Among the lines of the listing below, retype exactly those from the one containing "You possess a great soul, awaken the spirit." through the one containing "McDonald's - Shrek's Treketh to Adventure", both included. Do not include pictures.

::: Data shown :::

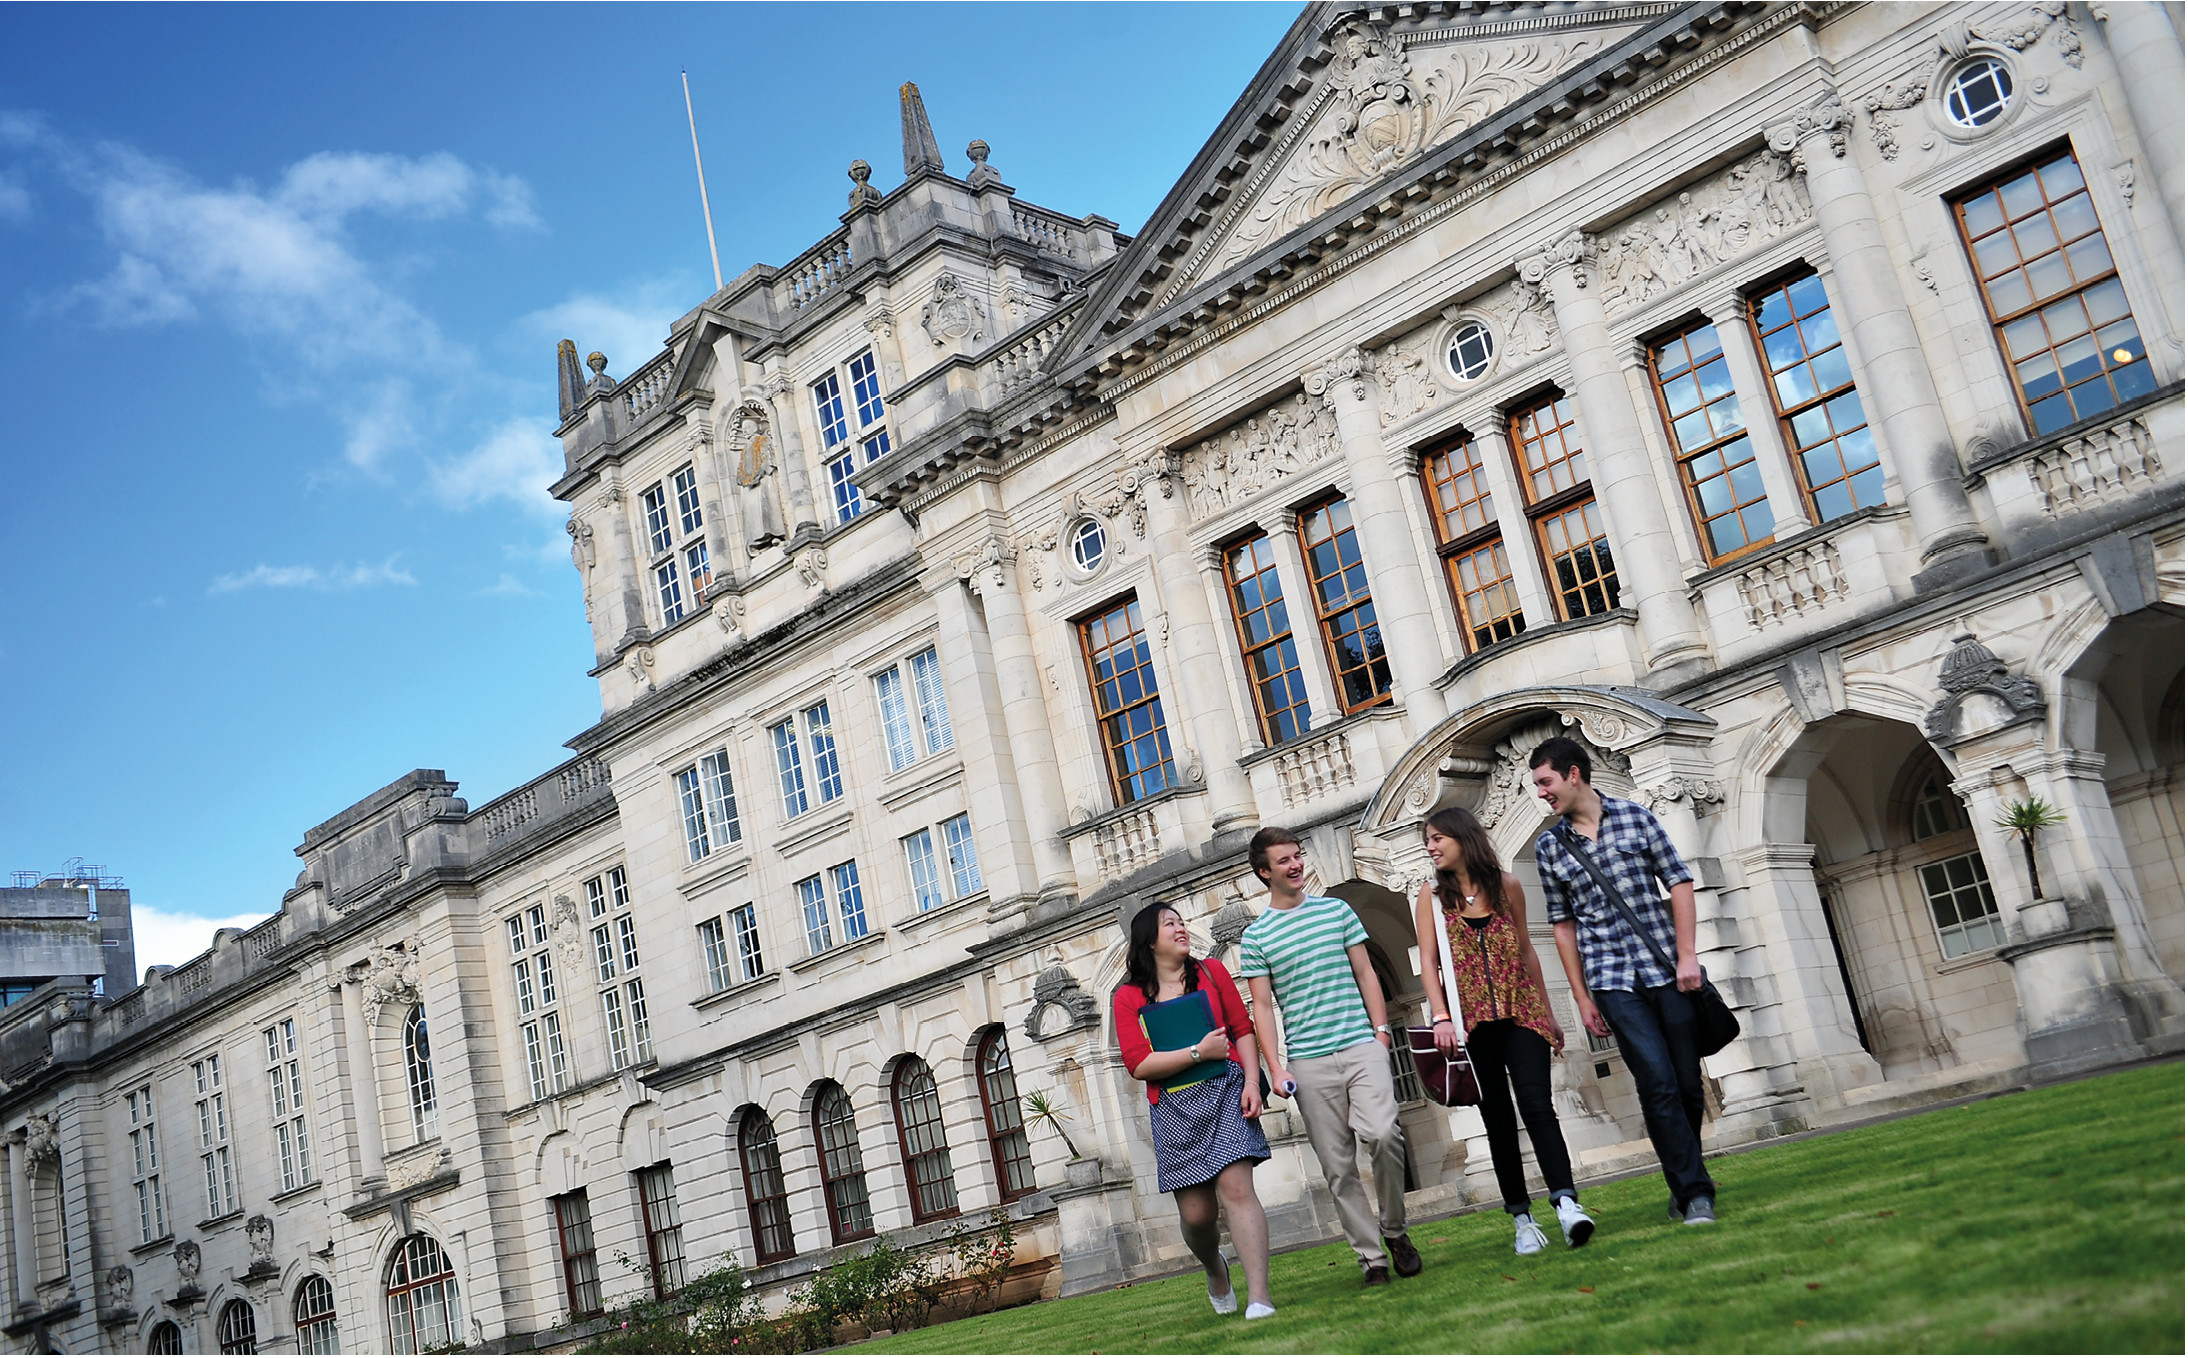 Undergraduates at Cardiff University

:::
::: Data shown :::

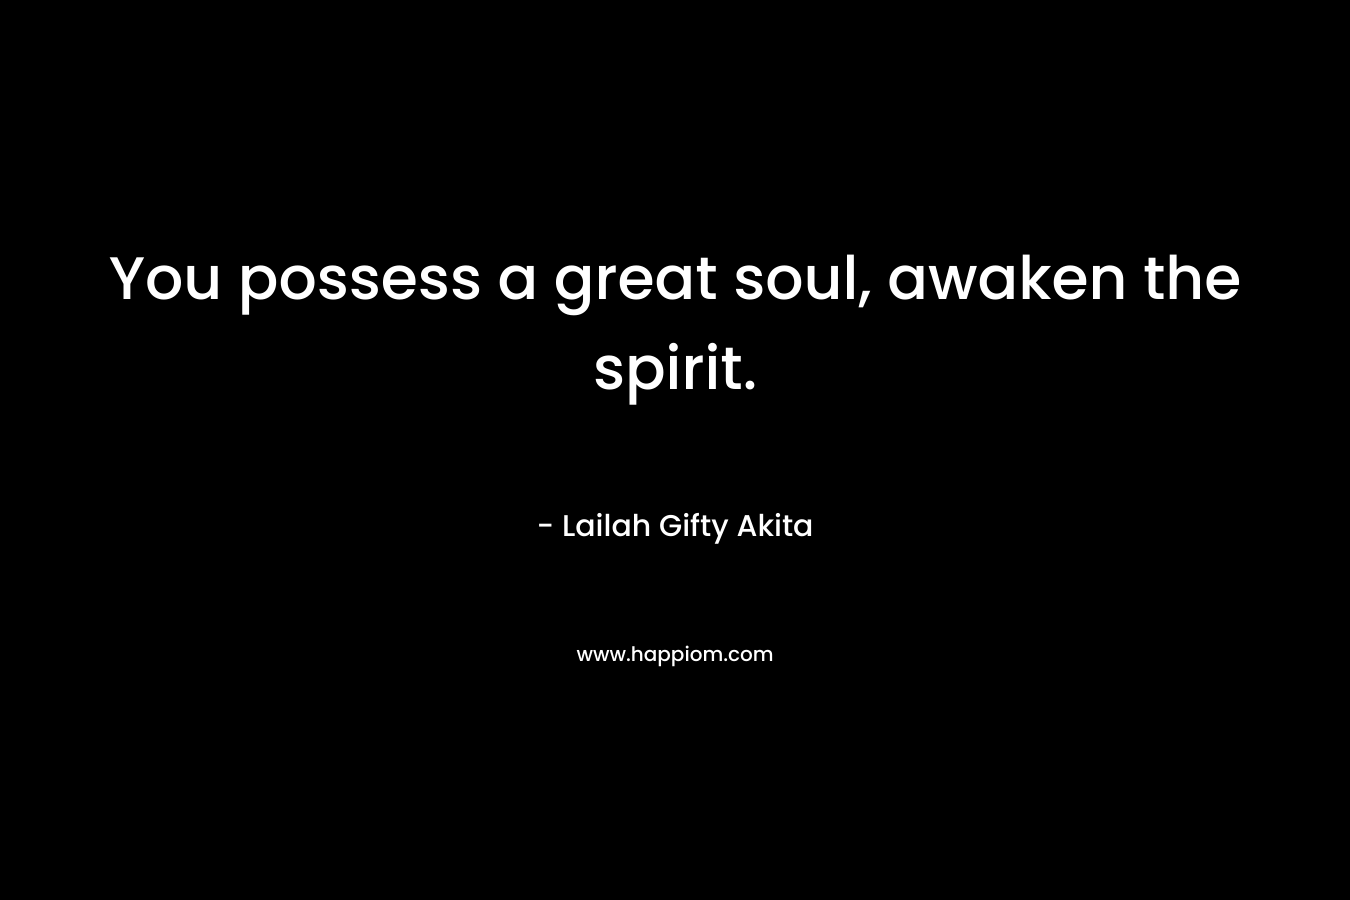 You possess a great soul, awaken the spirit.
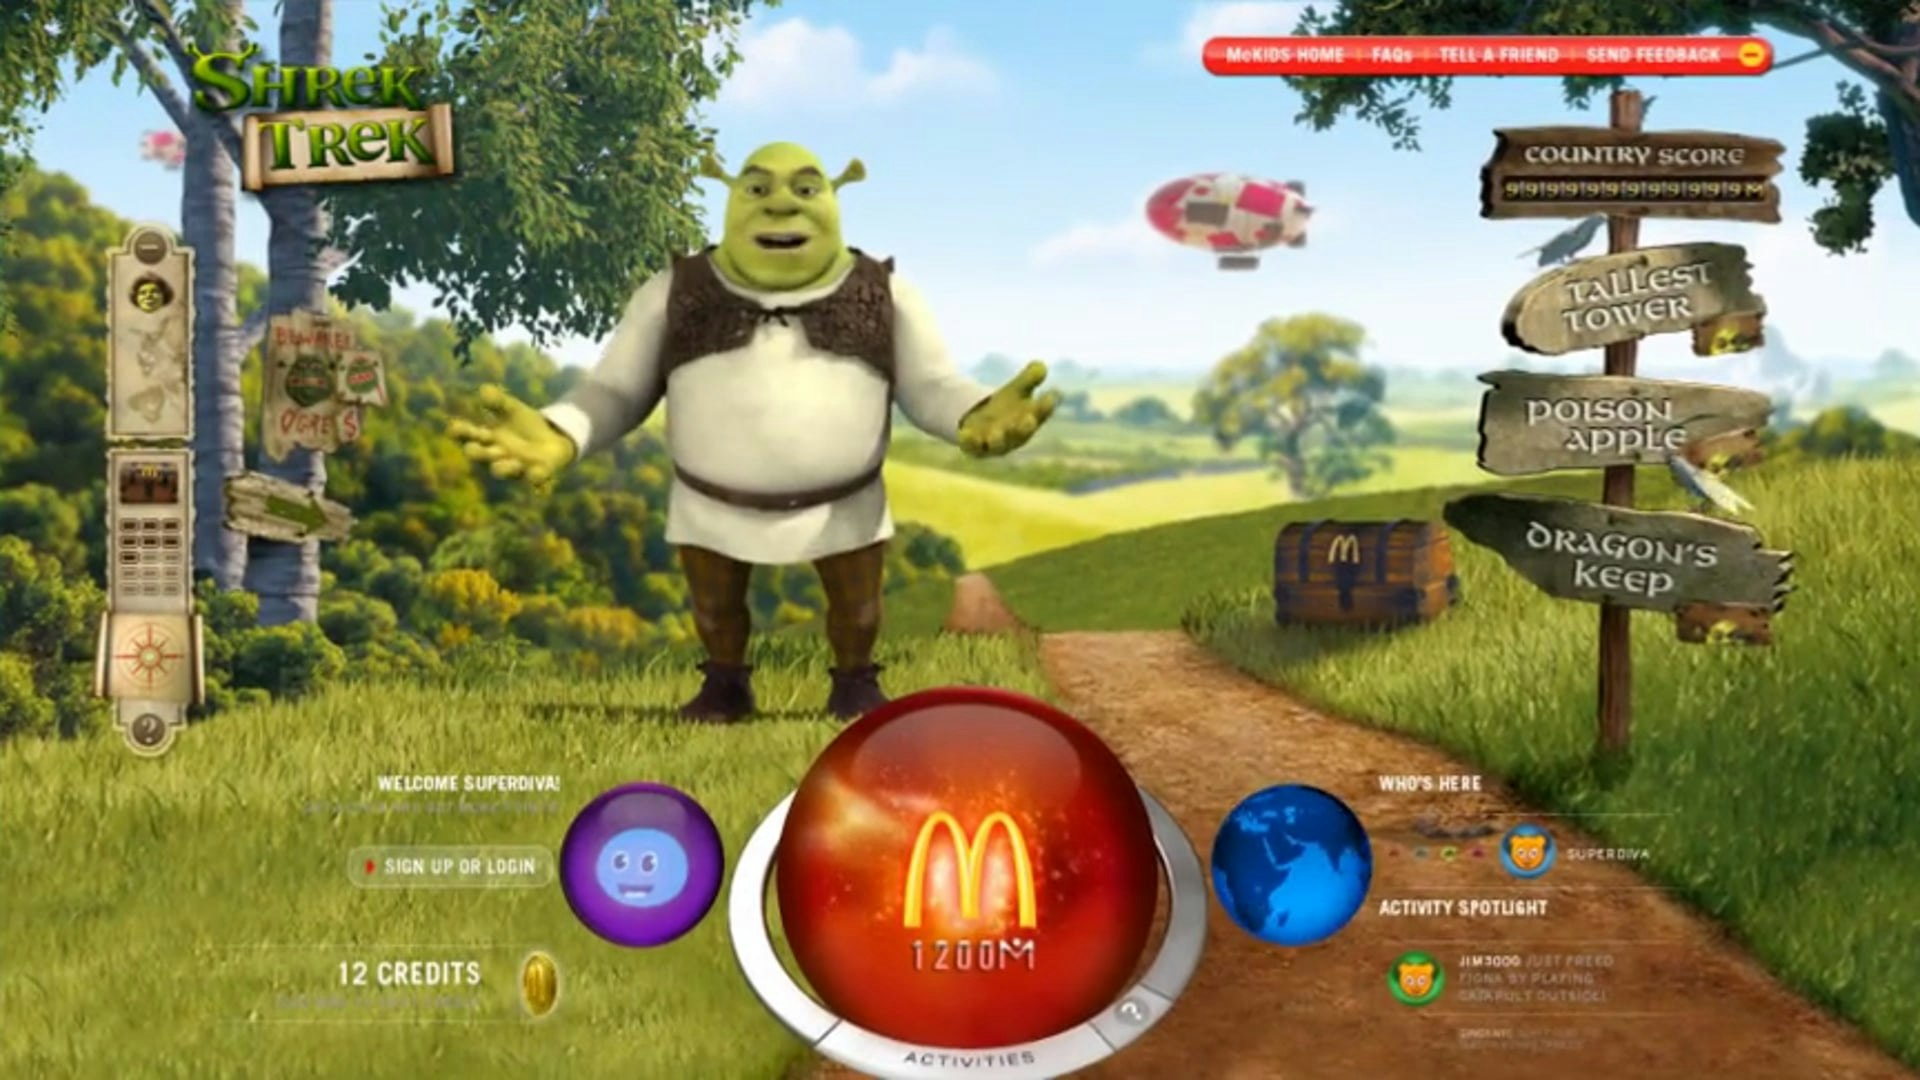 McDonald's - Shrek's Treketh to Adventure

:::
::: Data shown :::

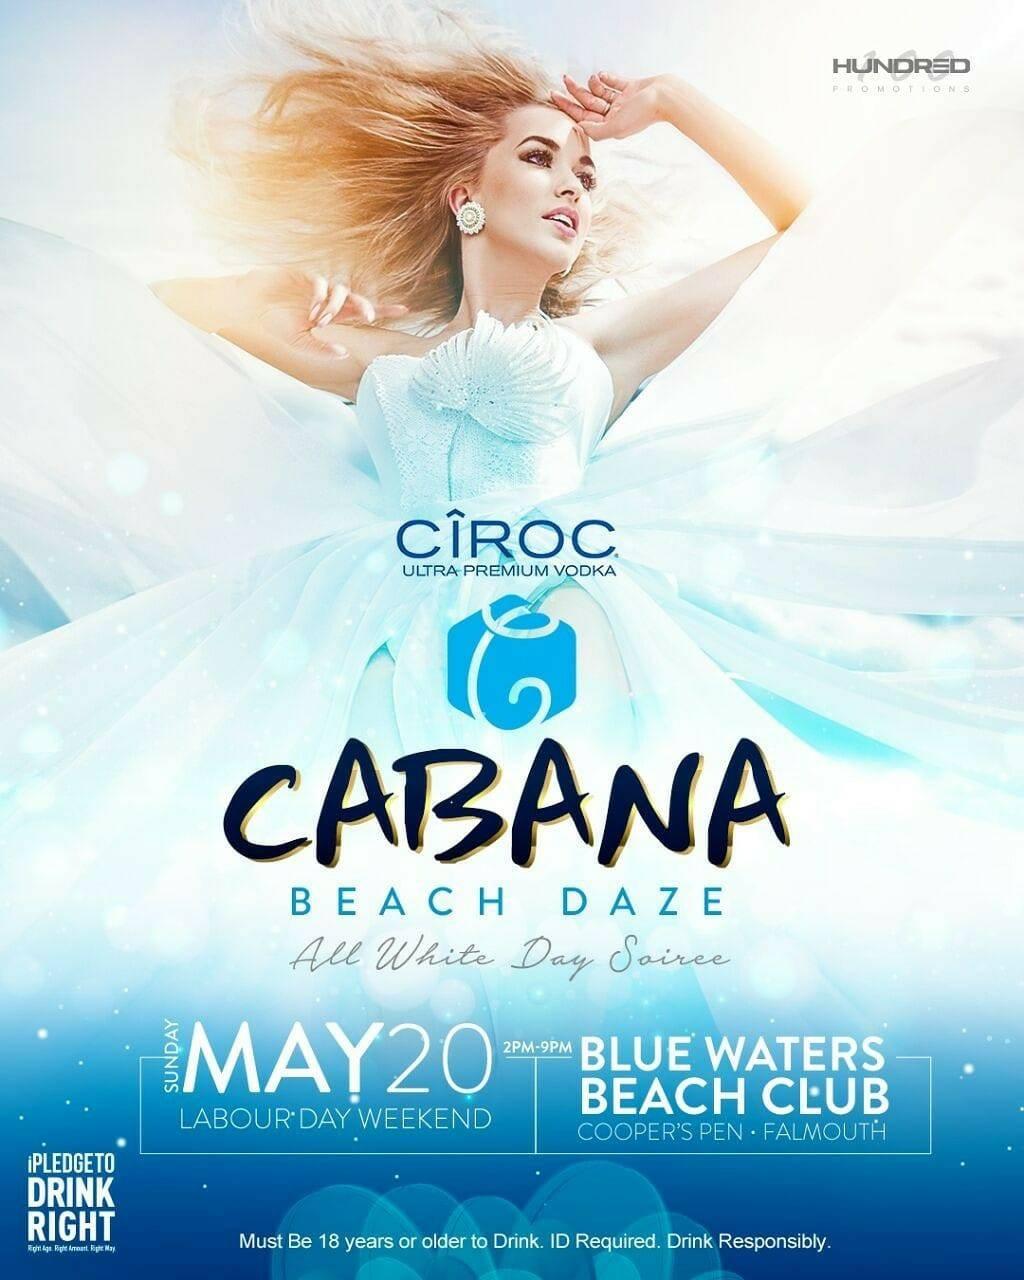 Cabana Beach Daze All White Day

:::

» **Reply**
 You possess a great soul, awaken the spirit.
 McDonald's - Shrek's Treketh to Adventure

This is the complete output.